Anche se ci sono molti volontari, clown e animatori per i ragazzi  della mia età è piuttosto noioso tutto questo, noi vogliamo divertirci, vedere i nostri idoli, no avere delle persone che non ti lasciano per un attimo finché tu non hai un sorriso finto sulla faccia.

Per i bambini  è il paradiso, le bolle di sapone, i colori, la sala di musica e quella da disegno, ma a noi basta stare con gli amici e riguardo al divertimento c'è la caviamo da soli.
Anche se io non ho mai avuto niente di più grave di una varicella, però guardando con occhi diversi da quelli di un malato o di un medico, posso dire che si vive in modo triste anche per me che sinceramente non centro nulla.

I medici  ce la mettono tutta per apparire come dei supereroi, forse è così per i piccoli pazienti, ma per i più grandi rimarranno sempre dei dottori.

Il solito camice bianco e verde in sala operatoria, il solito sguardo malinconico quando ti deve dire che morirai presto, mentre la solita espressione incoraggiante e fiera se invece è il contrario.

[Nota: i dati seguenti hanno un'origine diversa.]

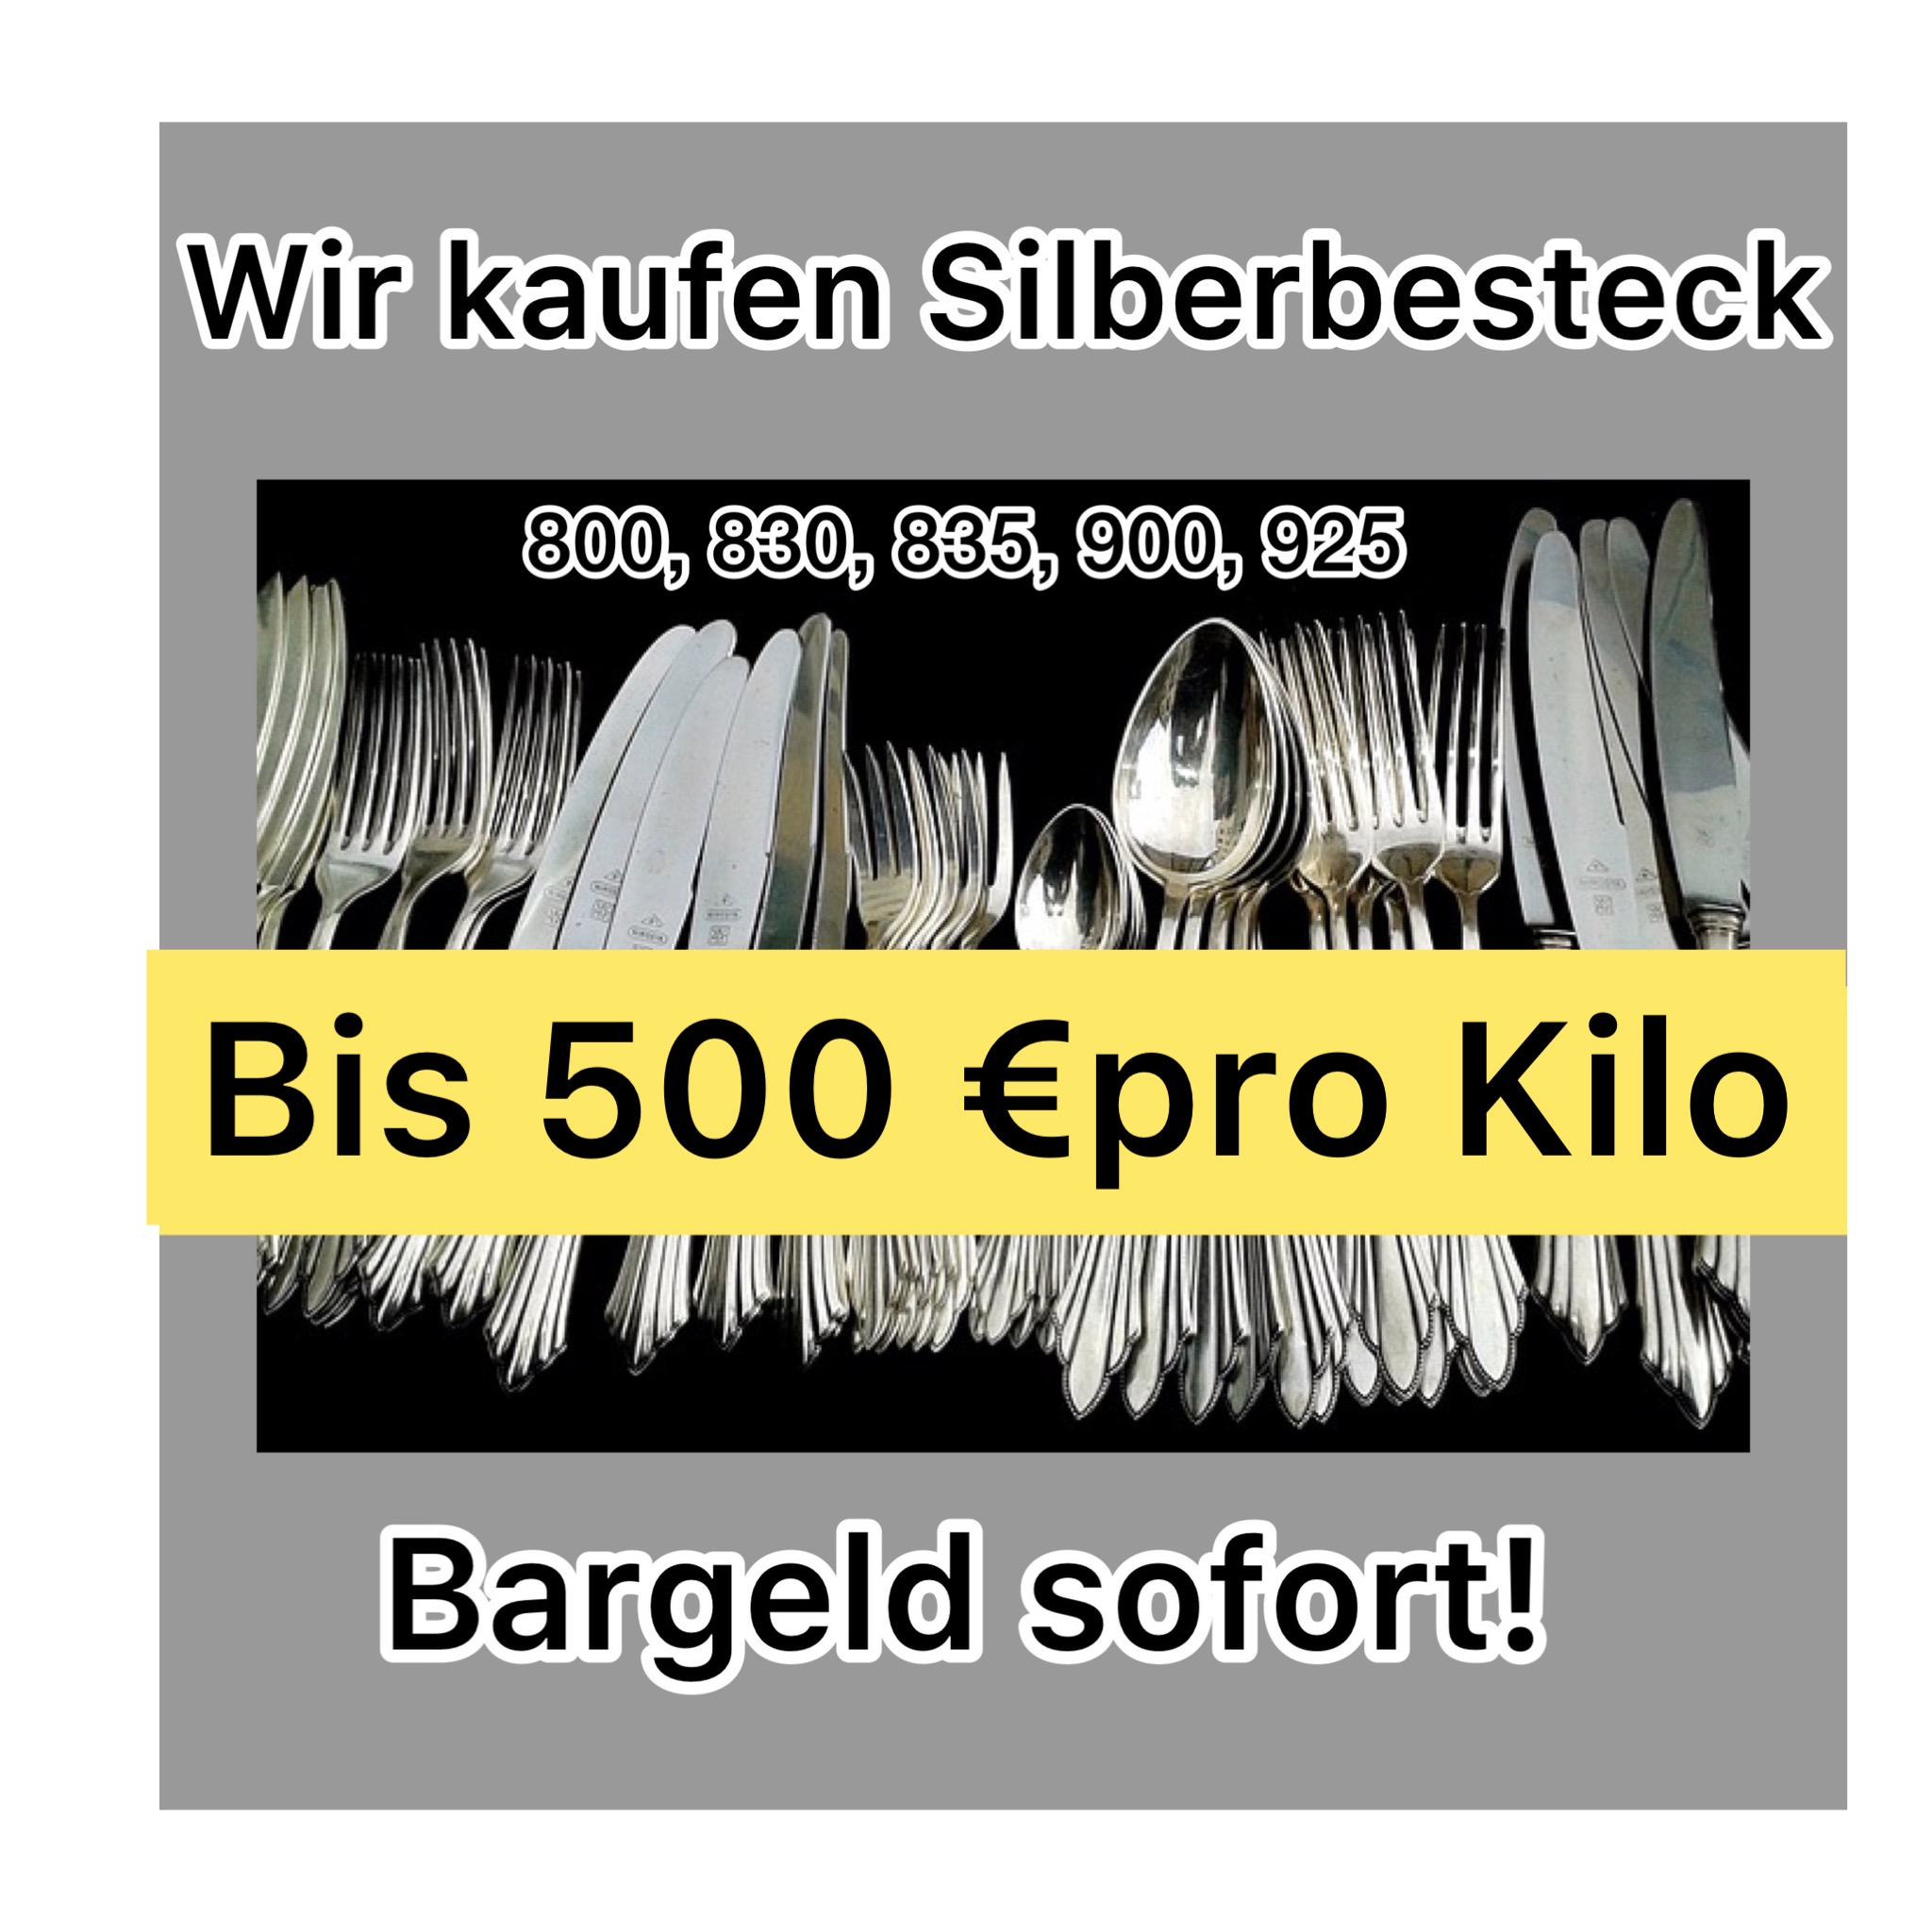 Silberbesteck verkaufen bis 500 Euro das Kilogramm.
Wir kaufen jedes Silberbesteck zum Beispiel 60er 90er 100er 800er 835er und viele mehr.

L'ospedale è cambiato molto da quando ero piccola, prima i muri erano del comune colore azzurrino, i macchinari bianchi e c'era poca vitalità tra le persone.

Adesso con il fatto che in questi ultimi anni sta ricevendo molte donazioni, il direttore ha deciso di modernizzare tutto,  infatti l'anno scorso abbiamo dipinto noi la sala giochi, abbiamo disegnato lo spazio, le stelle e i pianeti, in più abbiamo fatto una lista dei giochi da  aggiungere come uno scivolo e una grande televisione che fa da tablet.

Ha finanziato molte ricerche contro i tumori e altre malattie, non me ne intendo per niente, sono così aggiornata perché mi racconta tutto mia madre, però credo abbiano dato ottimi risultati. 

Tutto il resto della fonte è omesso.